Friday, May 04, 2012

Counting the Uncountables

The Lee and Lois Herndon Chapter of TOS just finished its 69th consecutive Spring Bird Count of the upper east Tennessee counties. Think about that! Sixty-nine consecutive, volunteer-populated, volunteer-directed, dedicated years of Spring bird counts. That is amazing.

Reese Jameson and I took a shot at counting on a new route from Rocky Mount State Historical Site (north of Johnson City on the Bristol Highway), then along the north shore of Boone Lake across from Winged Deer Park, a short side-step to Pickens Bridge, up to Devault Bridge, along the southside of the Tri-cities Regional airport to the Boone Lake overlook and, finally, the Boone Dam overlook.

We logged 30 miles which seems like a lot for only 42 species. But it was our first try and we got involved in too many other duties that hampered counting.

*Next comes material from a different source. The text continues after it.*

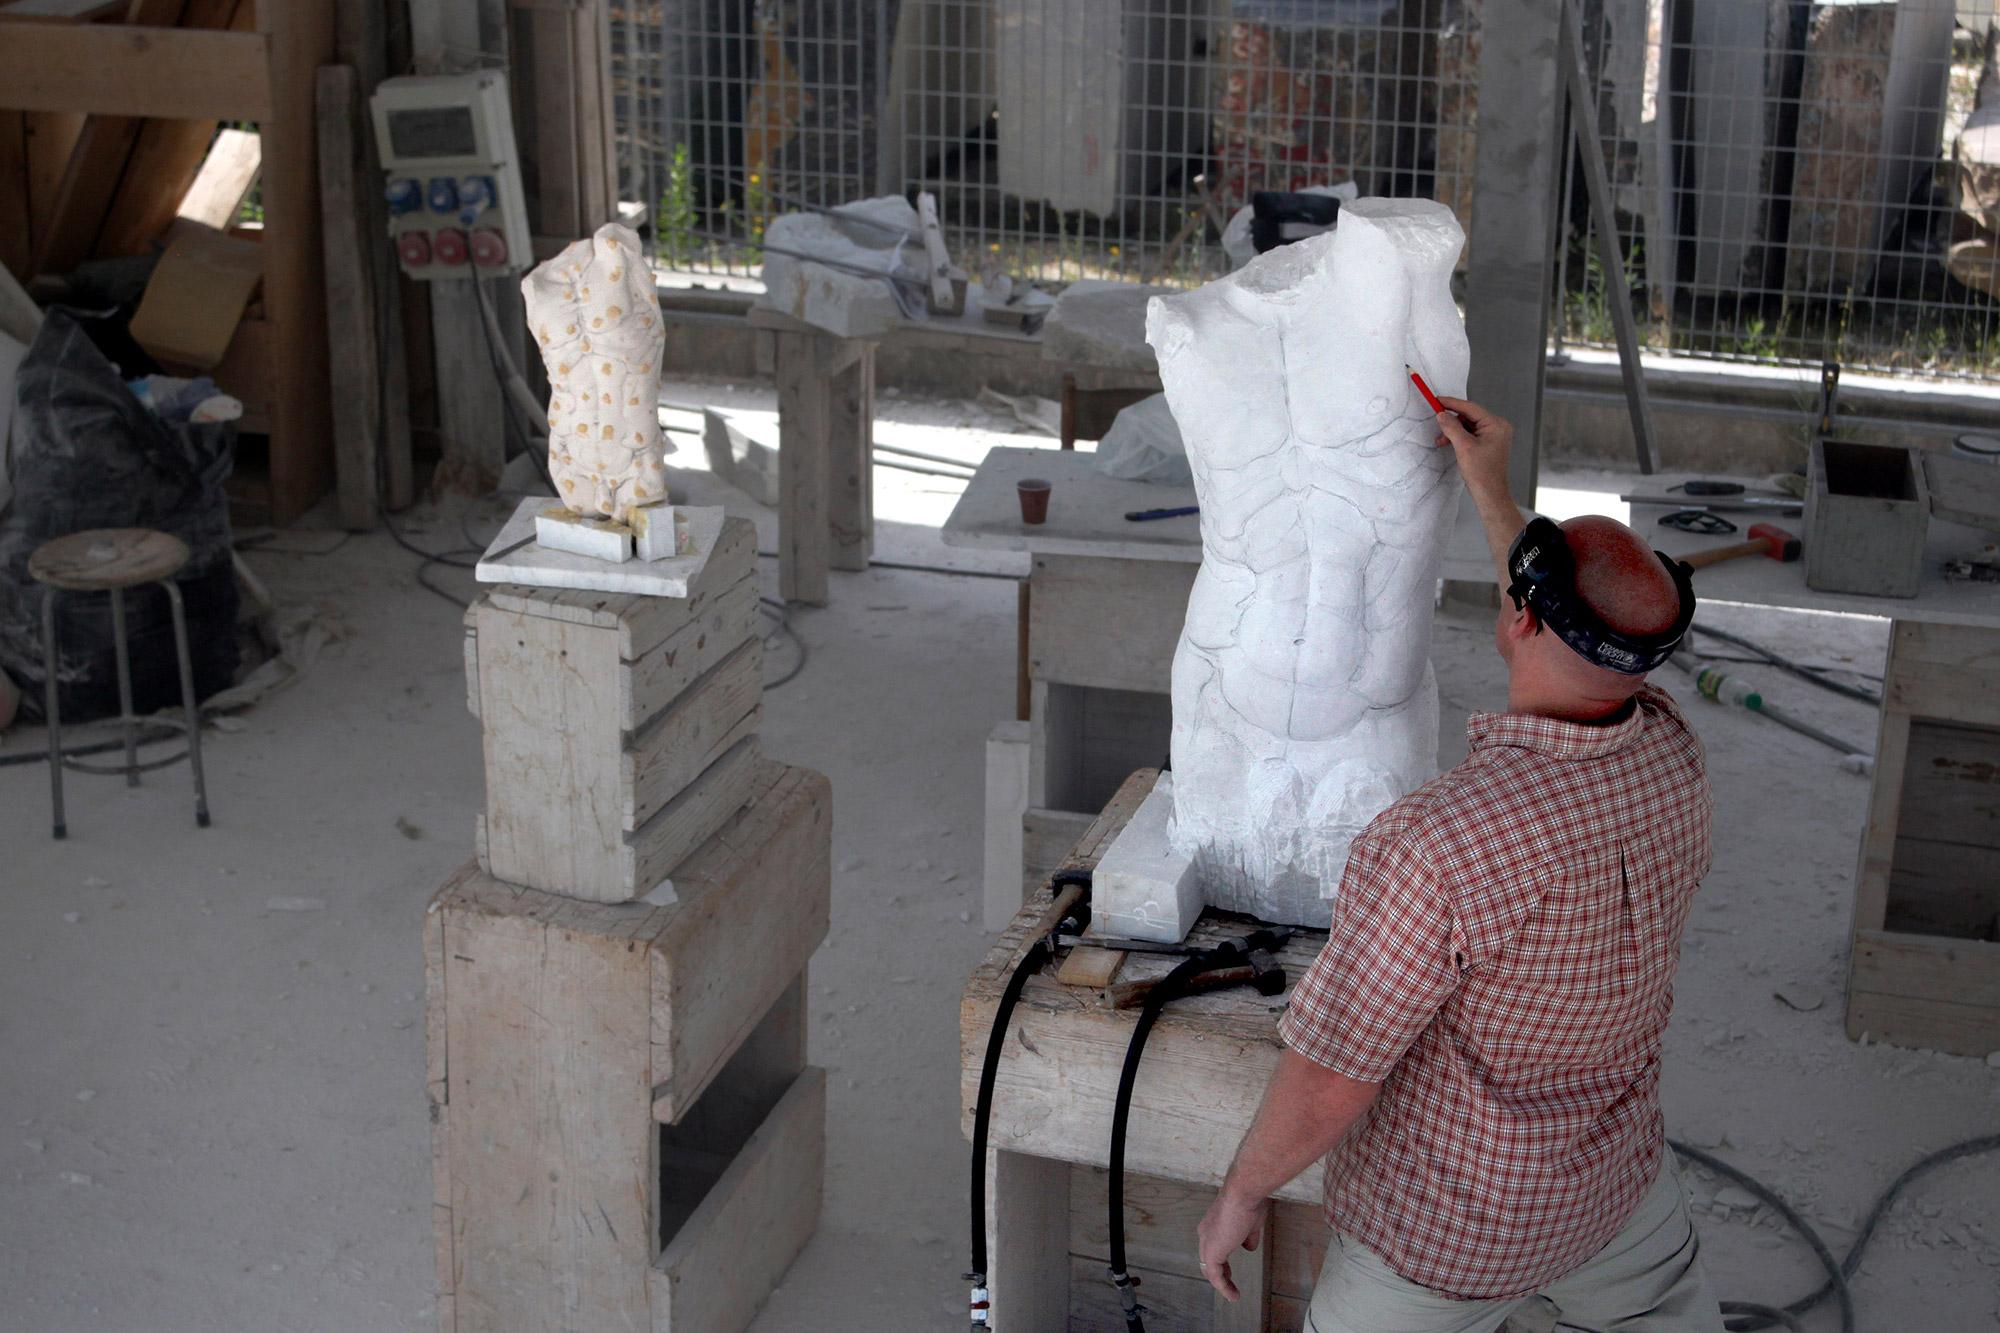 New-York-Academy-of-Art-Carrara-Residency-Joseph-Brickey20171213_0103.jpg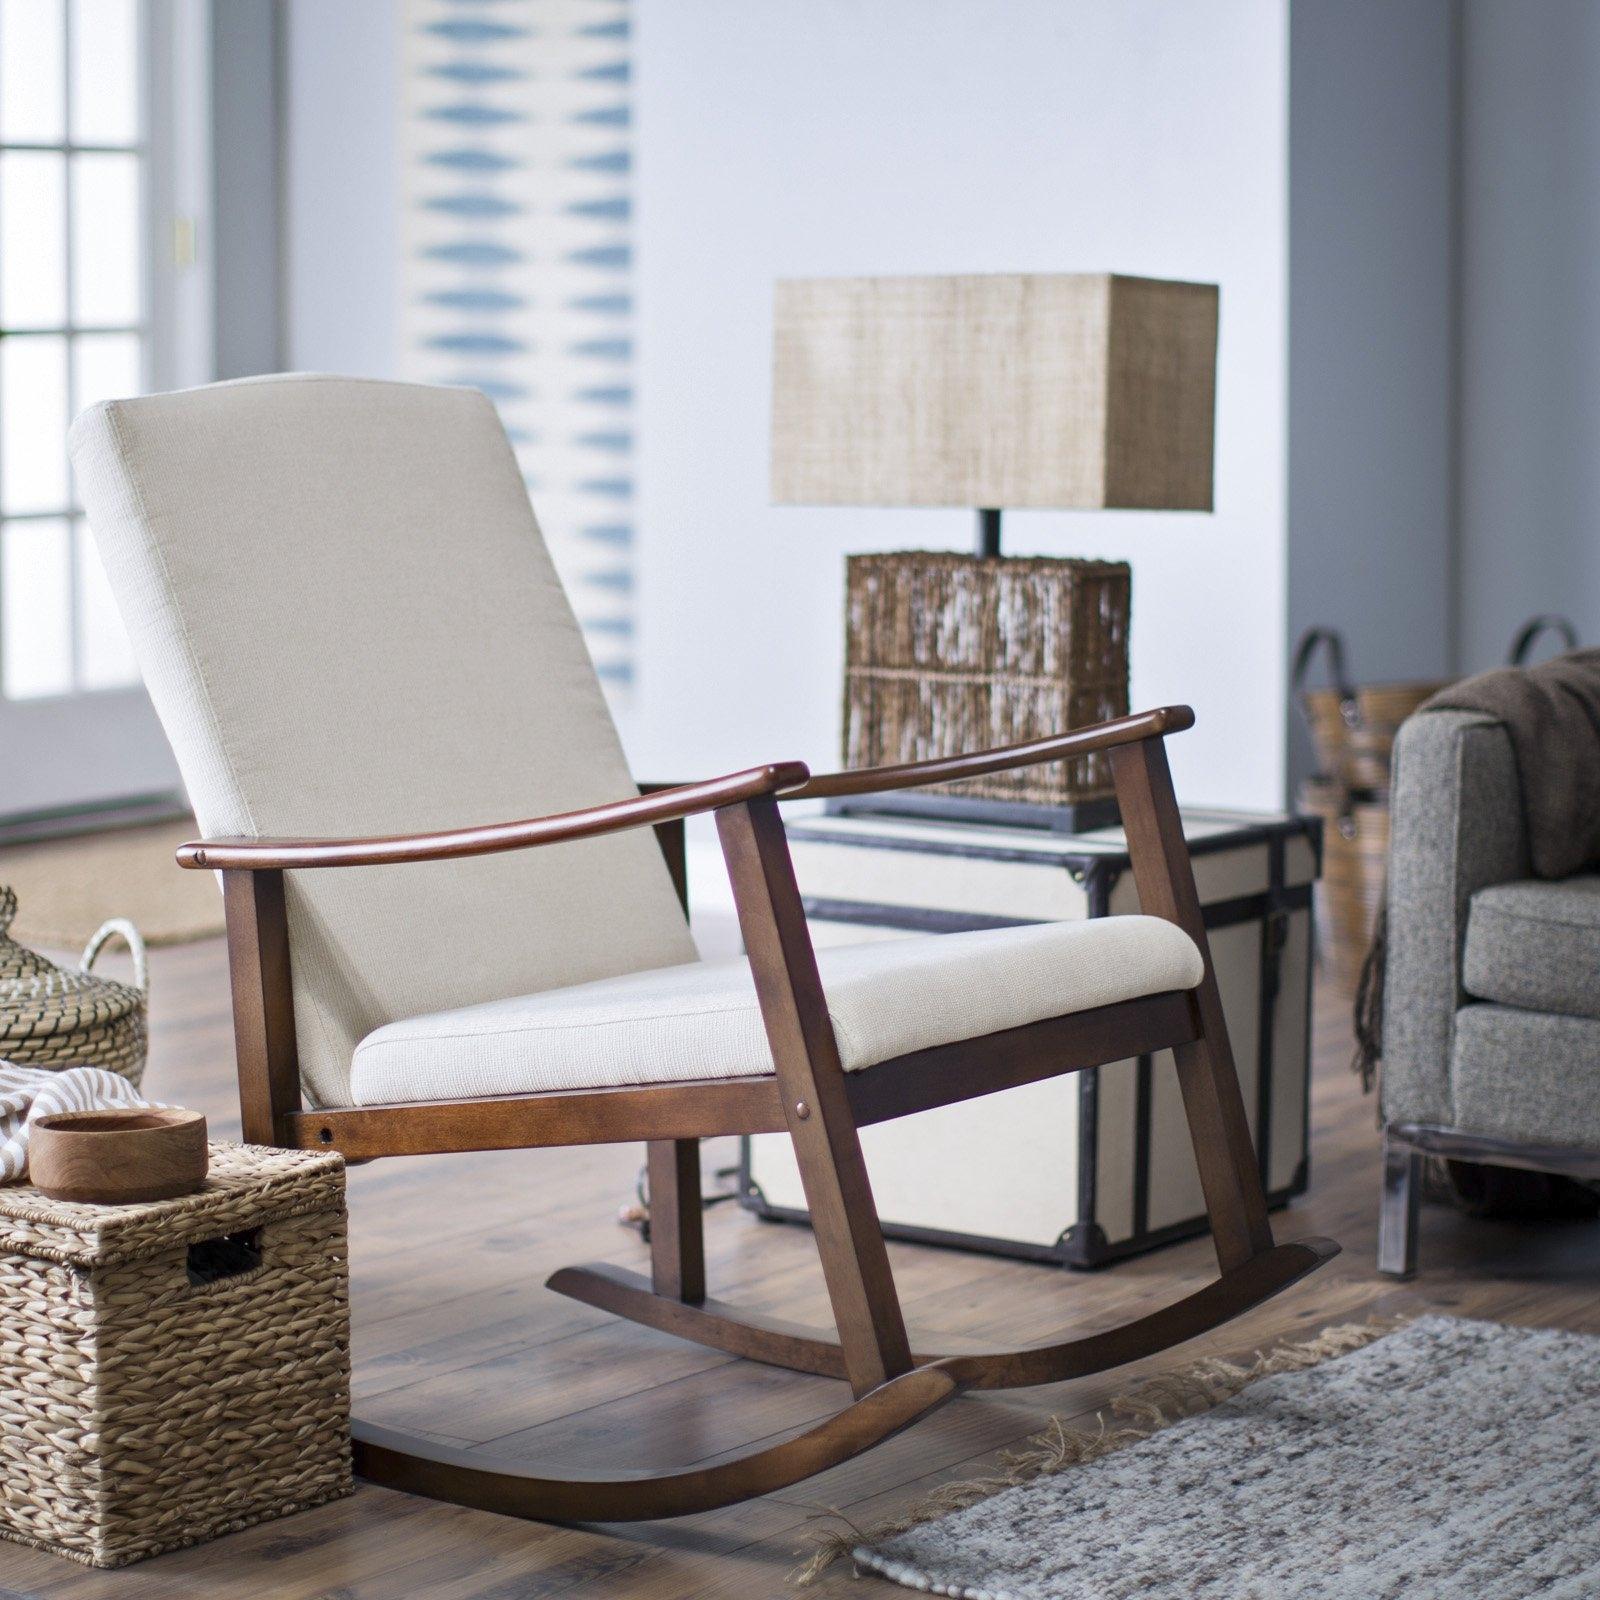 Best Upholstered Rocking Chair For Nursery Editeestrela Design With  Wonderful White Rocking Chair For Nursery Wonderful

When we were on the move, as we were most of the time, the hardest part was trying to catch all the standard birds (starlings, pigeons, cardinals, crows, vulture, etc.) and not get ourselves run over on some busy roads on a beautiful Saturday morning. (As well as a visit by a Sullivan County sheriff’s deputy.)

We were lucky, though. We had two cormorant which are hard to find this time of year in these parts. And a lone red-headed woodpecker which are getting more slim ever season, it seems like. We also were fortunate enough to attempt to count the cliff swallows at Pickens Bridge.

Pickens Bridge is concrete, two-lanes, with seven support pylons. There is not much room to spare on the deck. There’s no walk way on either side. The marina is next to the bridge and I’ve always wondered how many times traffic has been stopped by a “wide-load” boat being trailered over the bridge or two extra-wide pick-up trucks clipping mirrors. It’s not my most favorite bridge in the world.

The swallows were very active, of course. We didn't count the birds! They built their nests up against a cornice arch of the pylon. They had 15 -18 feet of space to squeeze sometimes a foot-wide sometimes a little less wide. On each side of each pylon.

We attempted to count what we thought were active nests. (Essentially, dark holes.) The last pylon is the hardest to count. We figured two birds (male and female) per nest and equal nesting on each side. But that count come into the low eight-hundreds. We didn’t know which way to go. If we counted on the first pylon and carried out the arithmetic we got low four-hundreds.

We have our work cut out for us for the fall count and next year's spring count. First, in the research world there is a process for counting the uncountables. We’re going to have learn that one. Second, will be to travel the route beforehand and map out our stopping points. Third, I gotta call the SCSO to be sure we don't get arrested for scoping 'round the airport.